Jade looked at him with surprise. “Wait – she kissed you?”

“Yes! She even told me at one point she wanted to go out with me, but she was afraid that she’d be stepping on your toes, since you’re her roommate. I take it that was a lie as well?”

“Ah am soooooo glad Rainbow ain’t here for this,” Applejack said to no one in particular. “You’d never hear the end of it.”

“AJ, shut up,” Jade told her, then turned to Code. “Code…are you serious about this?”

“Yes, I’m serious! What, you want pictures or something?”

“Look, Code…I know you’re not going to believe this when I tell you, but….” She sighed. “I never programmed her to do any of that. She was just supposed to be a normal roommate, and that was that. That’s why I told you she had a boyfriend. Not because she actually has one or because she could have one, but…she’s not supposed to be capable of it.” When Code looked at her oddly, she stated flat out, “Think about it: can a robot love? Is a robot capable of love?”

“Of course not! Otherwise we’d all owe our Roombas an apology or something.”

“That’s basically what a golem is. To use a human equivalent, it’s a simulacrum.” She broke out her phone, went to the Wikipedia page and passed it over.

He read the article, then looked up at her. “So, she’s a replicant?”

“A what?”

“You mean like Blade Runner?” Applejack asked. When Jade looked at her, the teen shrugged. “You’re telling me Brae or Summer haven’t shown you that?”

Now it was Code’s turn. Grabbing his phone, he brought up the appropriate page on Wikipedia, passing that over to her, Jade read over it, then read it a second time. “I…guess? I mean, this is all just make-believe to me.”
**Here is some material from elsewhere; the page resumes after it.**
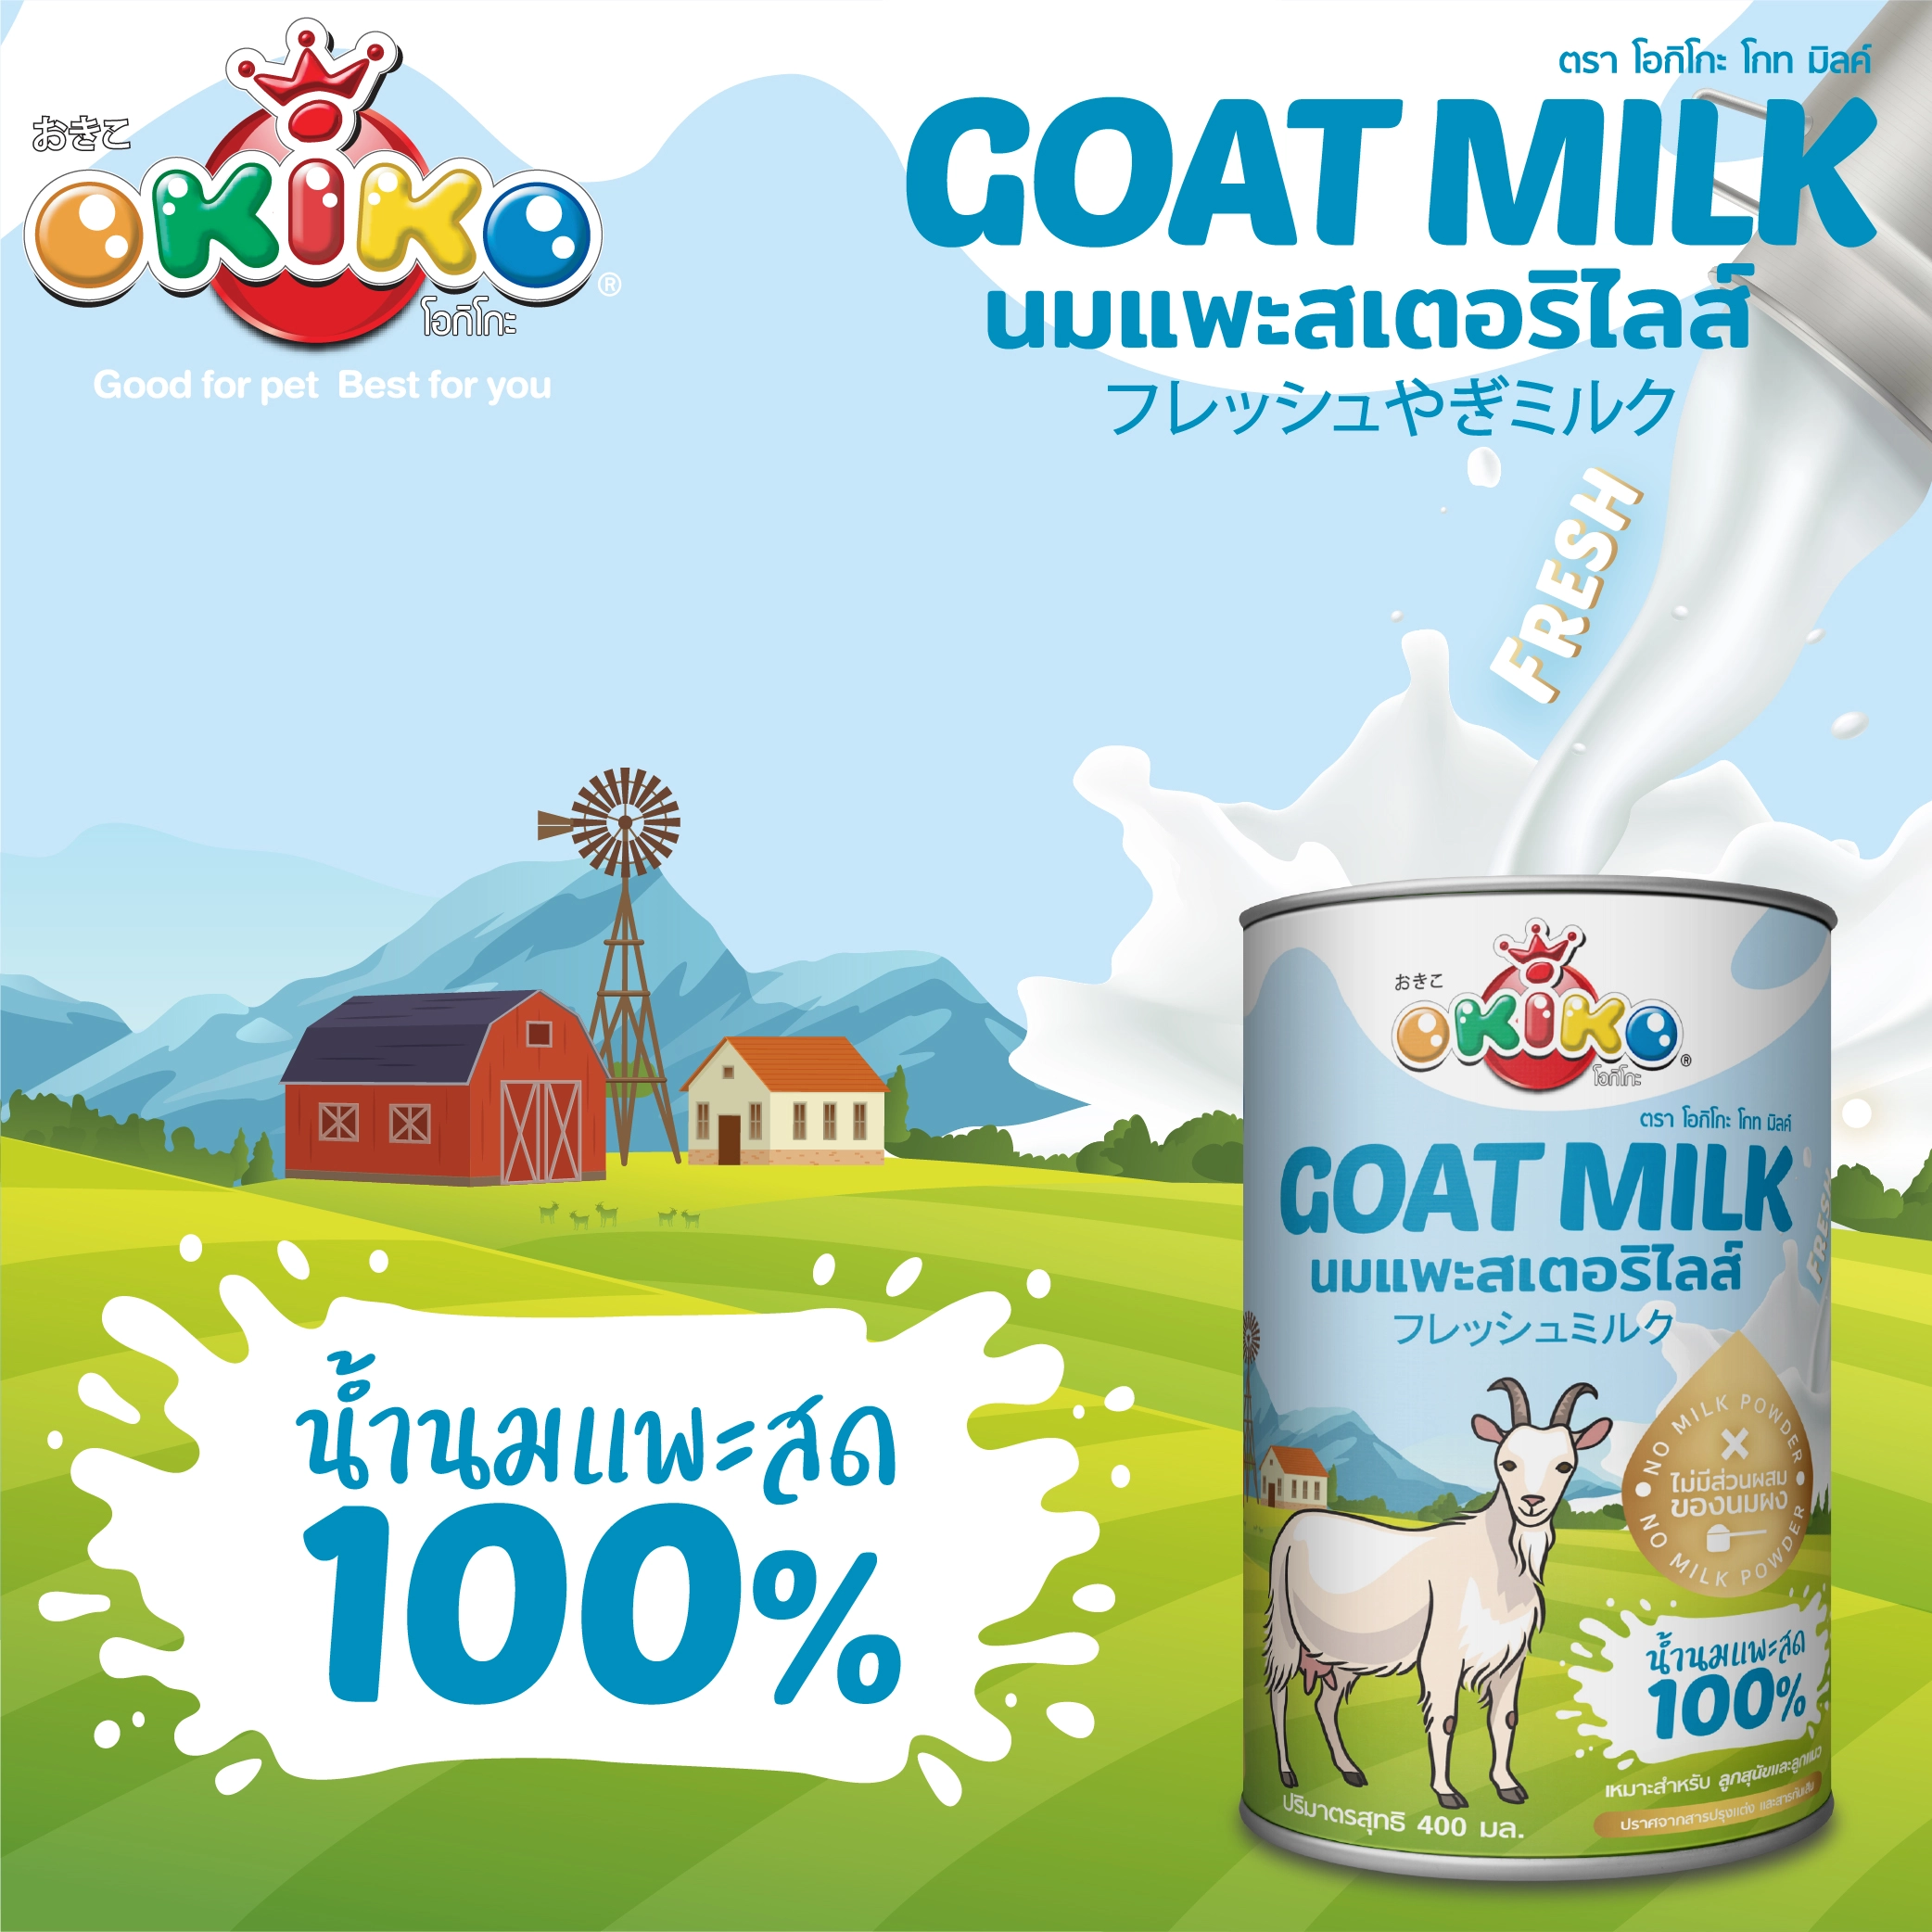 Okiko goat milk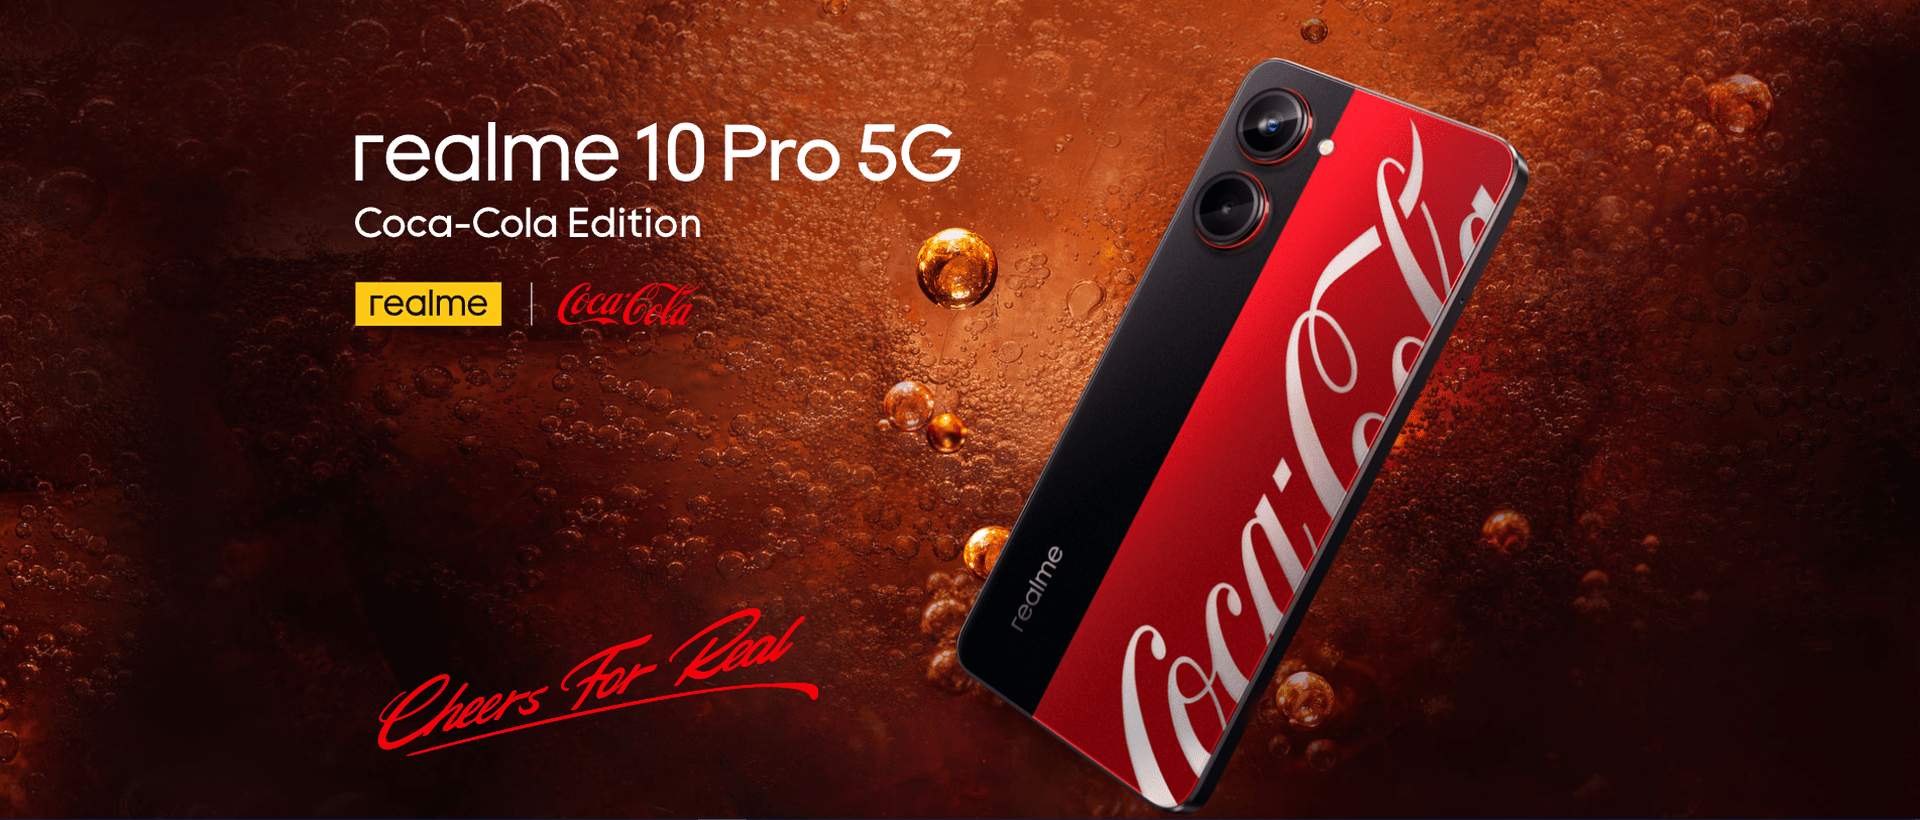 De nieuwe Realme 10 Pro met Coca-Cola-thema zal op 14 februari om 12:00 uur te koop zijn

“Yeah, well a few hours ago, you and all of this was just make-believe to me.”

“Hey, at least you didn’t reference Battlestar Galactica,” Applejack cracked, only to get stared at by both of them. “So much for helpful support, Ah guess.” She then looked at both of them. “You know, both of you are spinning your wheels here. If you’re that worried about her, why not go check on her?”

Later that afternoon in Jade’s alchemical lab, Code looked at the eight tanks, all carrying the girl that he liked. Except…now he wasn’t really sure if she was real…or a girl. Seeing her – all eight of her, floating, unconscious and asleep in the tubes was bad enough; worse so that all of them were her. But it was the fact that she floated in the tank there, completely nude…and with nothing to hide…that truly underscored the truth of it all.

He would have half-expected the girls present to give him some lecture about respecting Pearl’s privacy, but…it was hard to worry about privacy for someone who had no private parts. Furthermore, it was hard to worry about privacy for someone who technically wasn’t a someone.

And yet…seeing her like this? It was like she was in critical condition, like she was on the verge of death.

No. Something inside of him told him that it didn’t matter what she was. This was Pearl, a girl who liked him…and a girl he liked, too. Maybe he was weird for falling in love with the magical equivalent of a robot; certainly, there had been tons of stories about that since the first fake girl caught the attention of the first real guy. Plus, he was certain that what she was doing, hinting that she wanted to be with him, couldn’t be just programming and code. He knew computers and code and that world. Maybe Pearl’s coding was far above anything he was used to, but Jade had said it was magic and if so, magic didn’t play by the rules he knew. That meant that when it came to her, the rules he knew went out the window.

He leaned against the nearest container. It didn’t have to be this way, and yet….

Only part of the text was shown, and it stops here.